Charles, who was squatting on the ground next to the flat tire, grunted as he jerked a lug wrench. The truck groaned as the lug nut came loose.
Then there was a crack and the car settled, sinking to the side and back, like a boat that had taken on water listing to starboard just before it flipped over and sank.
“You were saying something about a cracked axle,” Carl said.
“Damned axle. Damned road. Damned country,” Julia said. She lowered herself off the roof of her Land Cruiser, knelt in the dirt next to Charles, put her hands on the wheel and tried to turn it. Then she wiped her brow with the back of her hand.
“The effing thing is cracked. We cracked one last week. Goddamned roads. I got a really sick kid here. I got to get to town.”
Julia paused.
“Hey Carl, can you run that woman there into Buchanan for me? The one with the kid. We need to get her moved.”
“I can’t carry passengers. You know the drill,” Carl said.
“I’m asking for a one-time exception. This kid is really sick. Like could die today sick. You’ll beat me by two hours if you go now. Maybe three. It takes them forever to get a rescue truck up here. They don’t know I have a sick kid, and they don’t know to hurry their asses. I don’t do passengers either. This one is different. This kid is really bad,” Julia said.
“I’m headed north to Godeh. Maybe I can swing back and lift her in when we’re headed home if your rescue truck hasn’t shown yet,” Carl said.
“I need you to run them to Buchanan now. This kiddo is going to die if she doesn’t get transfused.”
“Let’s go boss,” David said.
“The bush is full of dying kids. It’s also full of boy soldiers,” Carl said. “I’ve got to get this chlorine up to Godeh. They’ve got a bad well that’ll kill a hundred of your kids if we don’t get it treated. Let’s do this. We run to Godeh without side trips. If the roads are good, we’ll be back in an hour. We’ll carry the kid in then.”
“Carl, I have a kid dying from malaria,” Julia said.
“And I have a village that will crash and burn without chlorine,” Carl said. “Here’s my best a
nd last offer.
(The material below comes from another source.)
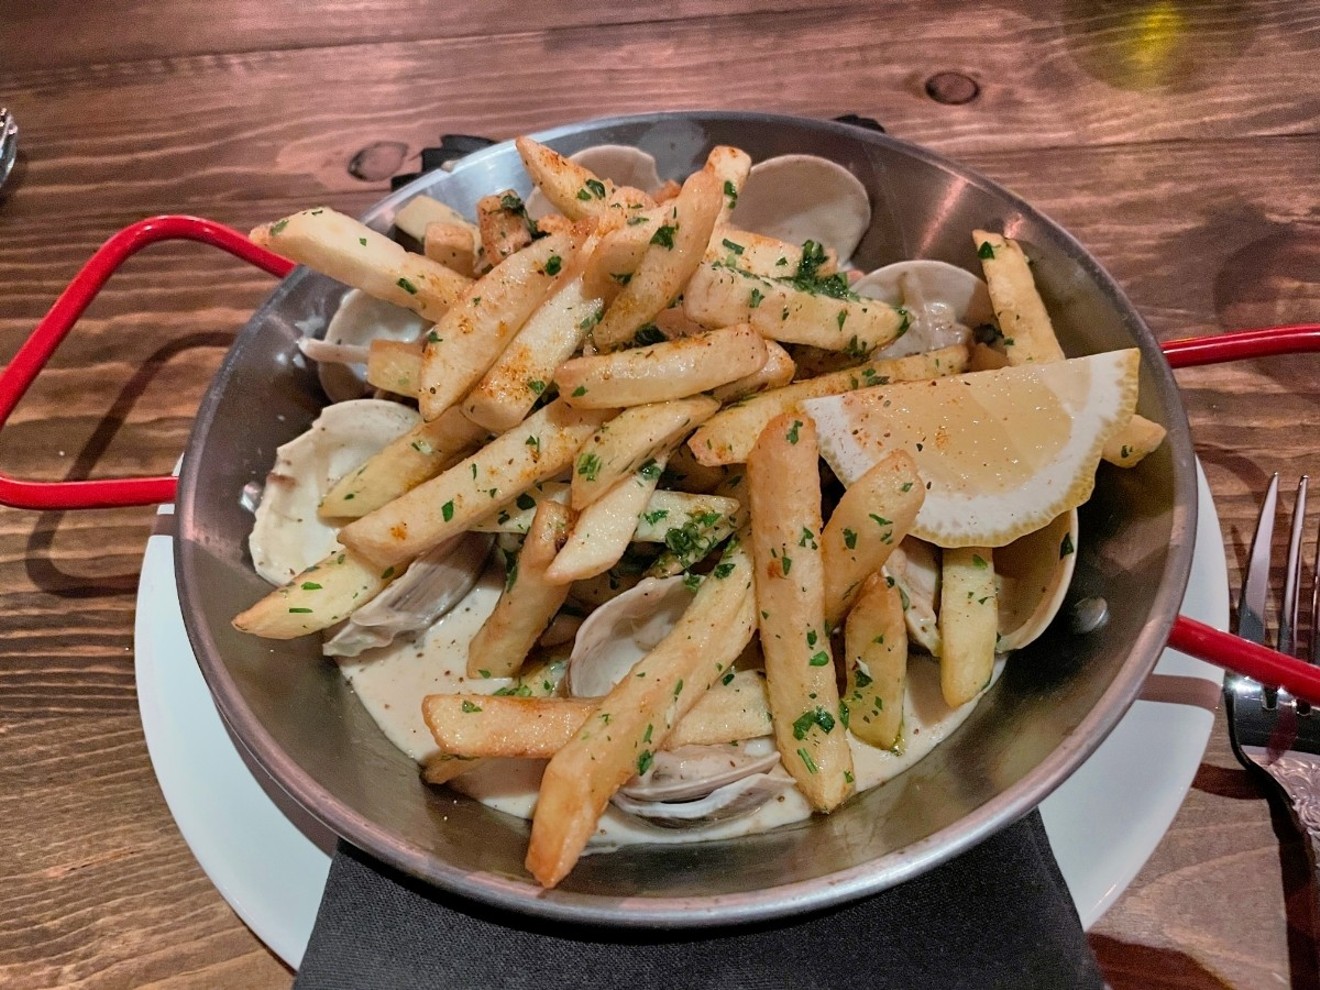 Clam chowder fries at the Katherine

I put the lady and the baby in the back with us, blast the AC up to Godeh, and keep everybody comfortable. Then we’ll haul ass back to Buchanan as soon as we’re done up north. It ain’t perfect, but that’s the best I can do.”
“Nowhere near good enough. But it looks like the best I’m going to get out of you today. Just move ass. Super quick-quick. Please.”
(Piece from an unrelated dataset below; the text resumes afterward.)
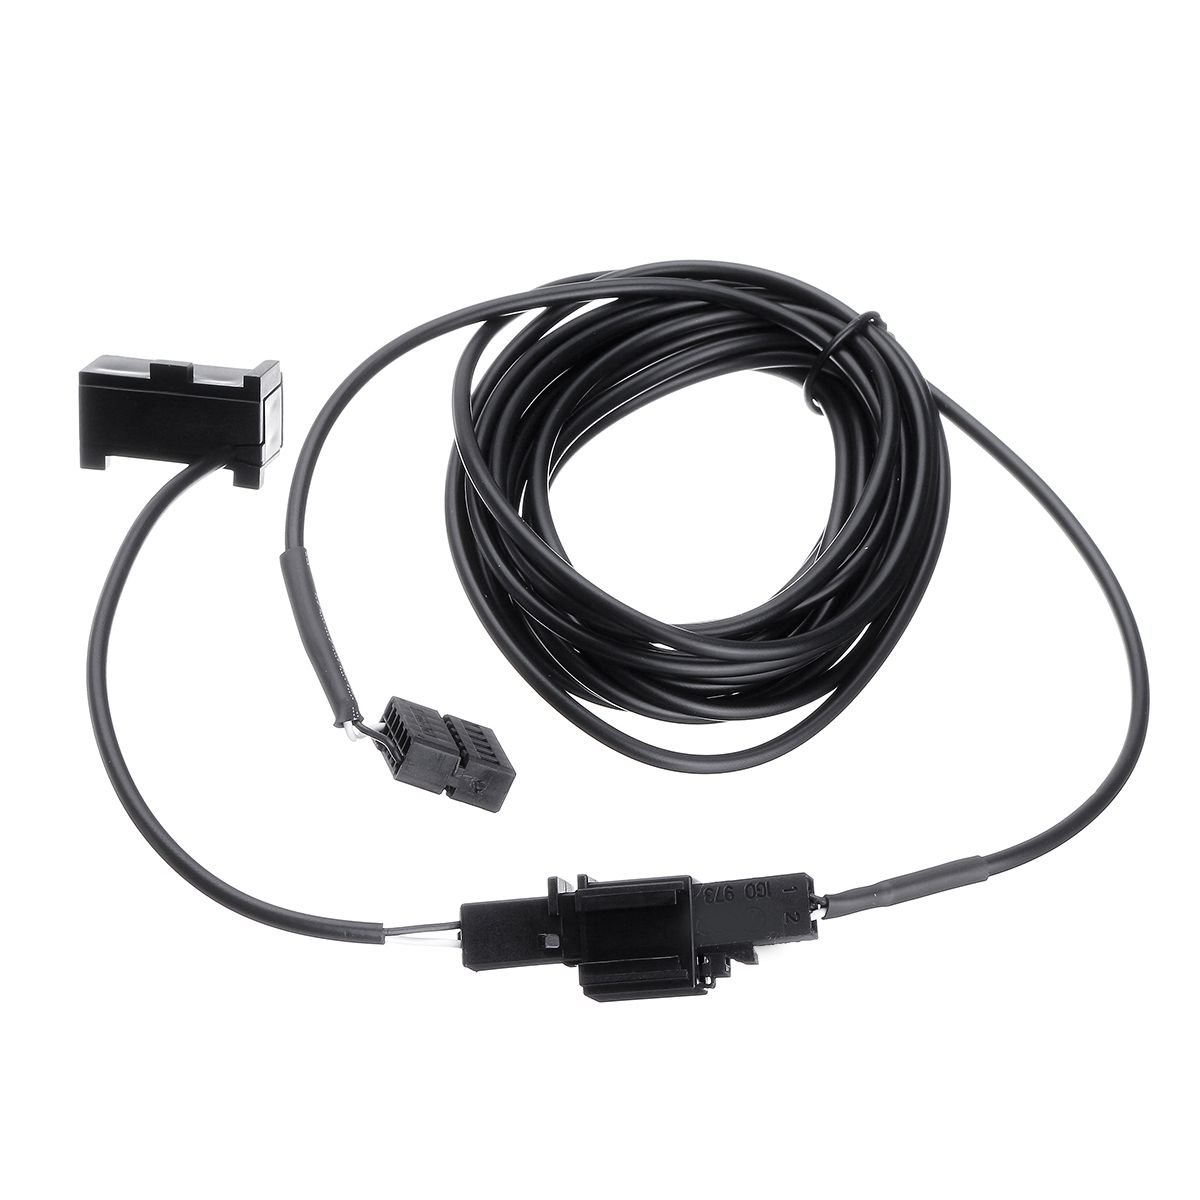 4m-Car-CD-USB-Microphone-bluetooth-Aux-Cable-Auto-Wireless-Audio-Input-Speaker-Adapter-for-BMW-1-3-S-1480556

“Anything for you, Dr. Richmond,” Carl said. “Almost.”
Julia went to the three women sitting on the embankment. The youngest of the three held a limp baby.
“Sister Martha, please go with them,” Julia said. “I’ll wait for the crew. There’s nothing more we can do for this kid until we get her to Buchanan. And Sister Martha pray or something, will you? We got this far. But now we are gonna need all the help we can get.”
Carl helped each of the women into the back of his Land Cruiser. The limp child lay on its mother’s lap. The two other women sat next to her on hard benches. Julia put one hand on Carl’s shoulder as he latched the door, and then touched his waist.
Carl turned and put the flat of his hand on the small of Julia’s back, “You drive a hard bargain. That’s what I like about you.”
“Just that?” Julia said.
“Nothing more for public consumption. Private is different,” Carl said.
“Later for that. Now move,” Julia said. “We don’t have much time.”
Carl got into the truck and David dropped it into gear. The Land Cruiser jerked forward.
They bounced and grunted and groaned down the hill, the Land Cruiser shuddering and thumping as it slid sideways and forward on the rutted red road.
At the bottom of the hill, the Land Cruiser fell into a deep washout and its undercarriage hit the road surface with a bang. Carl’s head slammed down and back, jamming the bones of his neck. He turned to see if his new passengers were okay and his eyes followed the light through the back window.
Out the rear window, Carl saw a pickup, which could have been blue, coming across the hill from the right speeding down the District #4 Health Center road, speeding toward Julia and her disabled vehicle. The pickup raised a cloud of dust.